See, many genetic diseases are not caused by single mutations. Instead, lots of different mutations can all damage the same gene in different ways. And each class of mutation may require different treatments.
Cystic fibrosis (CF) is a great example of this. While most cases of this ultimately fatal disease are caused by mutations in the CFTR gene, not every mutation does the same thing to the CFTR protein. Because of this, scientists have found different drugs to treat people with different classes of CFTR mutations.
So one drug, Ivacaftor, targets CFTR proteins that can’t open up as well as they should, while another investigative drug, PTC124, targets prematurely stopped CFTR proteins. Each only treats a specific subset of CF patients who have the correct CFTR mutation.
All of this screams out for a quick and easy assay to figure out how a mutation actually disables a certain protein. And this is where a new study by Pittman and coworkers just published in the journal GENETICS can help.
The authors have come up with a sensitive in vivo assay in S. cerevisiae that allows scientists to quickly identify mutations that lead to unstable proteins. This kind of instability isn’t rare in human disease either. Some of the more famous examples include a kidney disease called primary hyperoxaluria type 1 (PH1), Lou Gehrig’s disease (ALS), Parkinson’s disease, spinal muscular atrophy (SMA), and even some forms of cancer.
The assay basically inserts wild type and mutant versions of the gene of interest into the middle of the mouse dihydrofolate reductase (DHFR) gene, individually adds these chimeric genes to yeast lacking DHFR, and then measures growth rates. The idea is that if the mutation leads to instability, the DHFR chimeric protein will be unstable too and the yeast will show growth defects under certain conditions. This is just what they found.
Initially they focused on a gene involved in PH1, the AGT gene encoding alanine: glyoxylate aminotransferase. They were able to show that disease causing mutations known to affect protein stability affected growth in this assay. Not only that, but there was a strong correlation between growth and level of protein stability. In other words, the more unstable the protein, the more severe the growth defect.
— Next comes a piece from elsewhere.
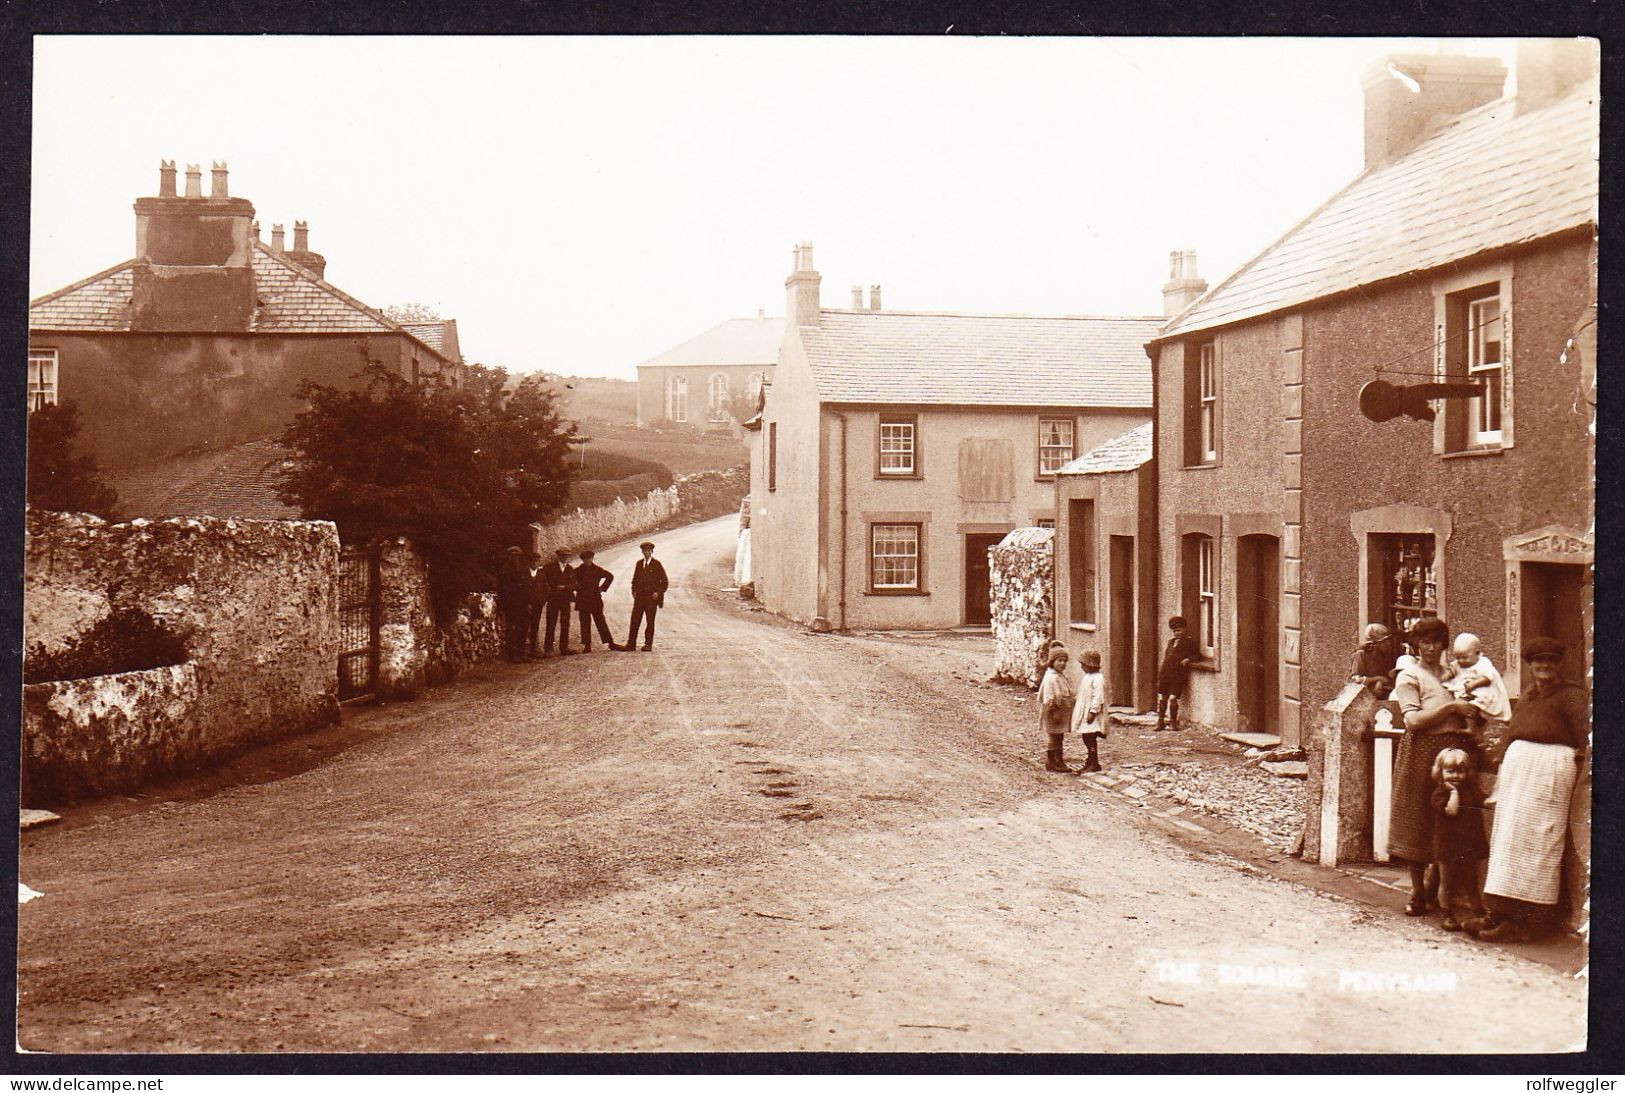 Um 1910 Ungelaufene Foto AK: The Square, Belebt, Penysarn. Gute Erhaltung - Anglesey

They then expanded their assay beyond known AGT mutations. First they were able to identify a subset of disease-causing AGT mutations as affecting the stability of the AGT protein. But the assay ran into trouble when they switched to the more stable SOD1 protein. This protein, which is involved in most cases of ALS, is so stable that mutations that destabilized it were invisible in the assay. The authors solved this problem by introducing a mutation into DHFR that destabilized it. Now they could identify mutants that destabilized SOD1.
As a final step, they used their assay to screen a library of stabilizing compounds to identify those that specifically stabilized their mutant proteins. Unfortunately, in this first attempt they only found compounds that stabilize DHFR, but the assay has the potential to find drugs that stabilize disease-related proteins as well.
Whether or not that potential is realized, this technique should still be a very useful way to determine whether a mutation affects protein stability. Then, when drugs that stabilize the protein have been found, using this or other screens, doctors will know which patients can be helped by these compounds. And this will be a boon for scientists and patients alike.